- Theatrical release poster
- Greek: Το Καλοκαίρι της Κάρμεν
- Directed by: Zacharías Mavroidís
- Written by: Zacharías Mavroidís; Xenofón Chalátsis;
- Produced by: Ioánna Bolomýti
- Starring: Yorgos Tsiantoulas; Andreas Lampropoulos; Nikolas Mihas; Vasilis Tsigristaris; Roubini Vasilakopoulou;
- Cinematography: Theódoros Michópoulos
- Edited by: Lívia Neroutsopoúlou
- Music by: Ted Regklis
- Production companies: Atalante Productions; Argonauts Productions; ERT; Athens Productions;
- Distributed by: Cinobo
- Release dates: 7 September 2023 (Venice); 13 June 2024 (Greece);
- Running time: 106 minutes
- Country: Greece
- Language: Greek

= The Summer with Carmen =

2023 film by Zacharías Mavroidís

The Summer with Carmen (Το Καλοκαίρι της Κάρμεν) is a 2023 Greek comedy-drama film co-written and directed by Zacharías Mavroidís. It follows two close gay friends, Demosthenes (Yorgos Tsiantoulas) and Nikitas (Andreas Lampropoulos), attempting to write a screenplay for a feature film, during a hot summer in Athens.

The film had its world premiere in the Giornate degli Autori section of the 80th Venice International Film Festival on 7 September 2023. It was theatrically released in Greece on 13 June 2024 by Cinobo.

==Plot==
Demosthenes is enjoying a beautiful day at the queer beach in Athens. He is helping his friend and aspiring filmmaker Nikitas come up with an idea for his first feature film, inspired by the tribulations of a rescue dog named Karmen. Two summers earlier, Demosthenes had to stop in Athens for the Summer because of his father's health problems. An excuse to meet Panos, his ex who has rescued a dog, Karmen. Panos regrets taking in the dog, just as Demosthenes seems to regret breaking up with Panos, so Demosthenes takes over the dog's care and everyone in his life seems to project their unspoken emotions into the little dog.

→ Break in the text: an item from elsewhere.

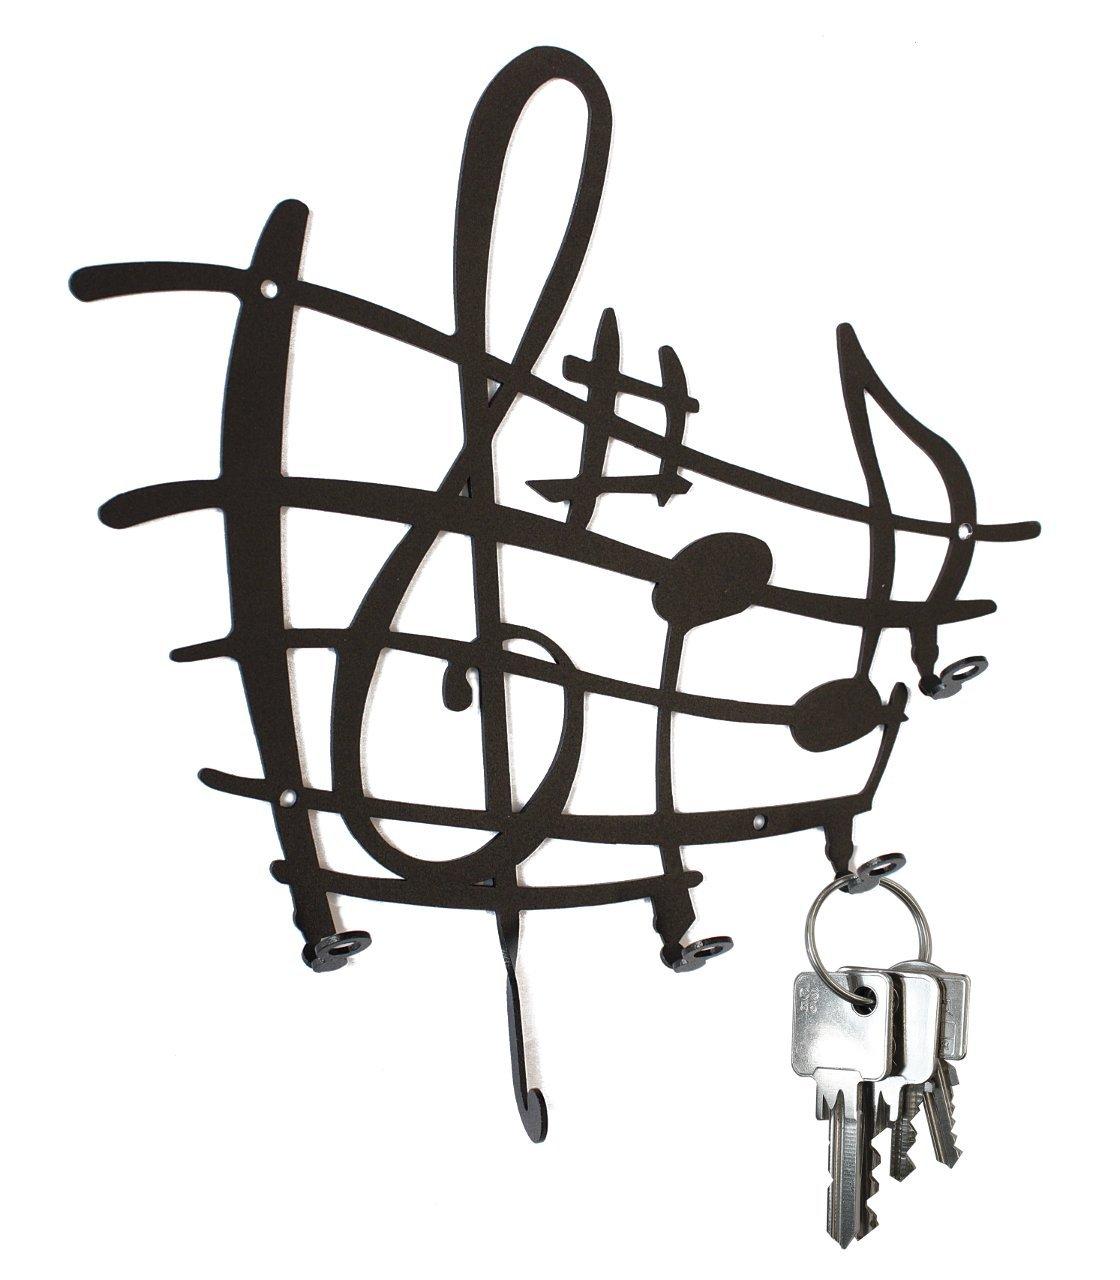 Key Hook Sheet of Music - Clef -Wall Key Holder, Metal, Black steelprint.de SB30-0005-01

Committed to transforming their anecdotes into "the hero's journey", consulting a script-writing book Nikitas found, the two friends begin to question the main rule of screenplay theory — the hero changes — and in the process give a twist to their enduring friendship.

==Cast==
- Yorgos Tsiantoulas as Demosthenes
- Andreas Lampropoulos as Nikitas
- Nikolas Mihas as Panos
- Roubini Vasilakopoulou as Kaiti
- Vasilis Tsigristaris as Thymios

==Production==
Mavroidís co-wrote the film with his best friend Xenofondas Chalatsis. He described it as "a comedy about the futility of knowing thyself", and mentioned Charlie Kaufman as an inspiration for the film's structure. The film was shot in Athens and the nudist beach of Limanákia in Vouliagmeni.

==Release==
The Summer with Carmen premiered in the Giornate degli Autori section of the 80th Venice International Film Festival on 7 September 2023. The film had its North American premiere at the AFI Fest on 29 October 2023. It was later screened at the Thessaloniki International Film Festival, where it won the Mermaid Award, the Youth Jury Best Film Award and the Fischer Audience Award for a Greek film. The film was released theatrically in Greece on 13 June 2024 by Cinobo. In the United Kingdom, it was released theatrically on 28 February 2025 by Peccadillo Pictures.